Macromol Rapid Commun. 2023 Aug;44(16):e2200980. doi: 10.1002/marc.202200980. Epub 2023 Mar 29.

Abstract

Polymer brushes are attractive as surface coatings for a wide range of applications, from fundamental research to everyday life, and also play important roles in biological systems. How colloids (e.g., functional nanoparticles, proteins, viruses) bind and move across polymer brushes is an important yet under-studied problem. A mean-field theoretical approach is presented to analyze the binding and transport of colloids in planar polymer brushes.

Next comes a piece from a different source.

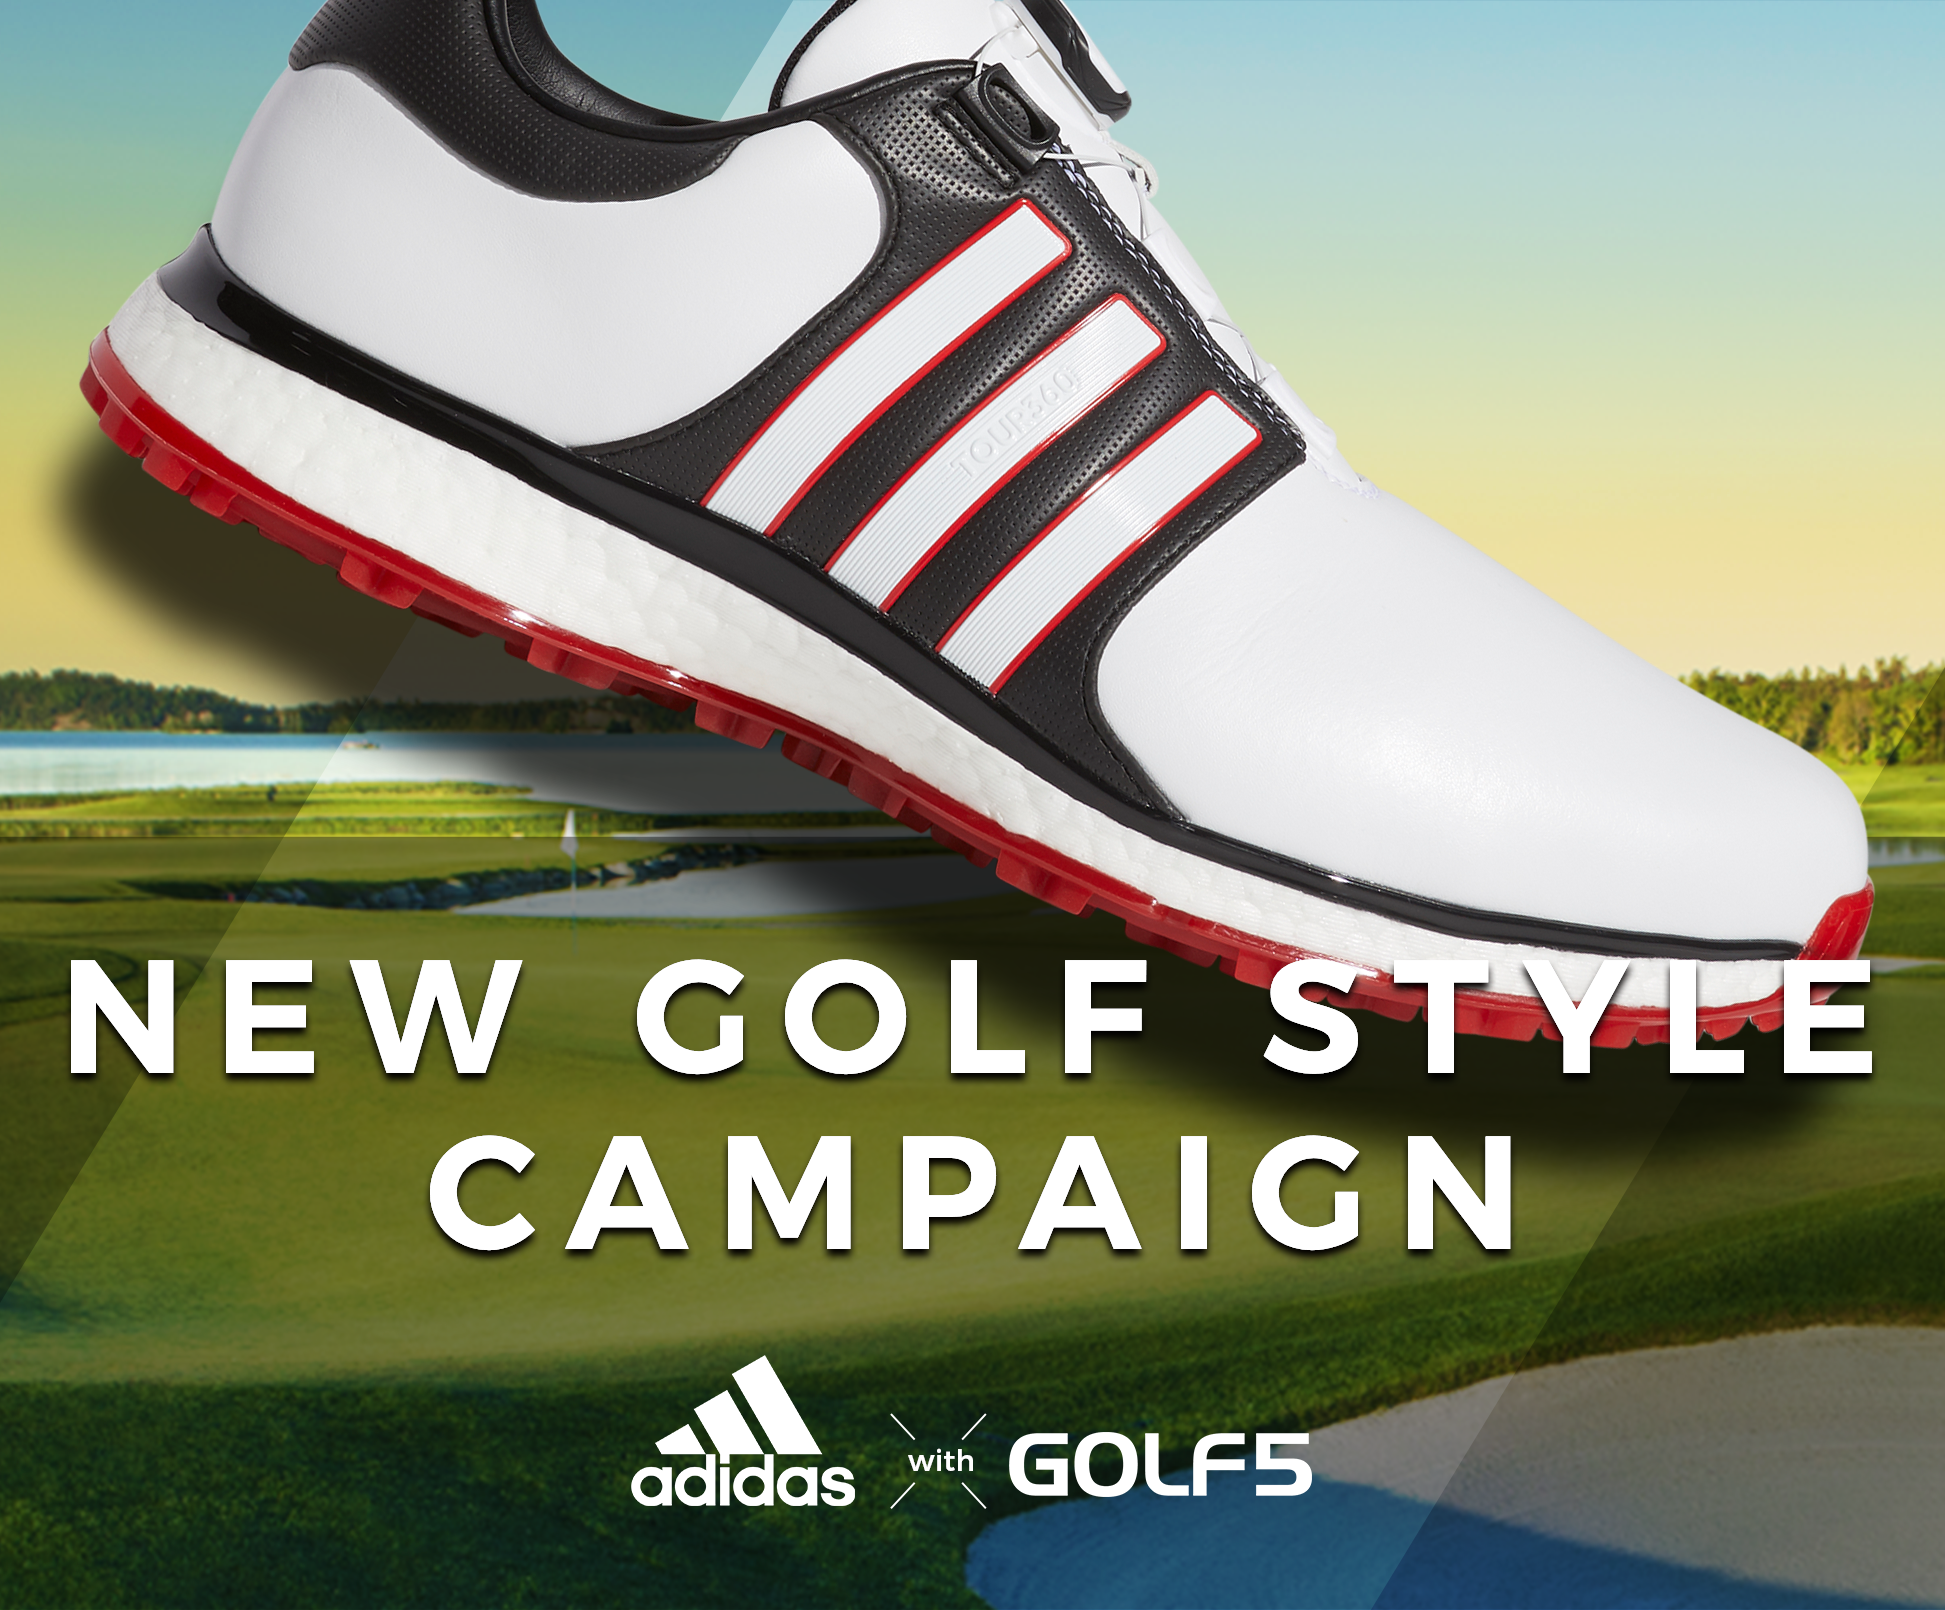 アディダス with ゴルフ5 new golf style campaign

The theory explicitly considers the effect of solvent strength on brush conformation and of colloid-polymer affinity on colloid binding and transport. The position-dependent free energy of the colloid insertion into the polymer brush which controls the rate of colloid transport across the brush is derived. It is shown how the properties of the brush can be adjusted for brushes to be highly selective, effectively serving as tuneable gates with respect to colloid size and affinity to the brush-forming polymer. The most important parameter regime simultaneously allowing for high brush permeability and selectivity corresponds to a condition when the repulsive and attractive contributions to the colloid insertion free energy nearly cancel. This theory should be useful to design sensing and purification devices with enhanced selectivity and to better understand mechanisms underpinning the functions of biological polymer brushes.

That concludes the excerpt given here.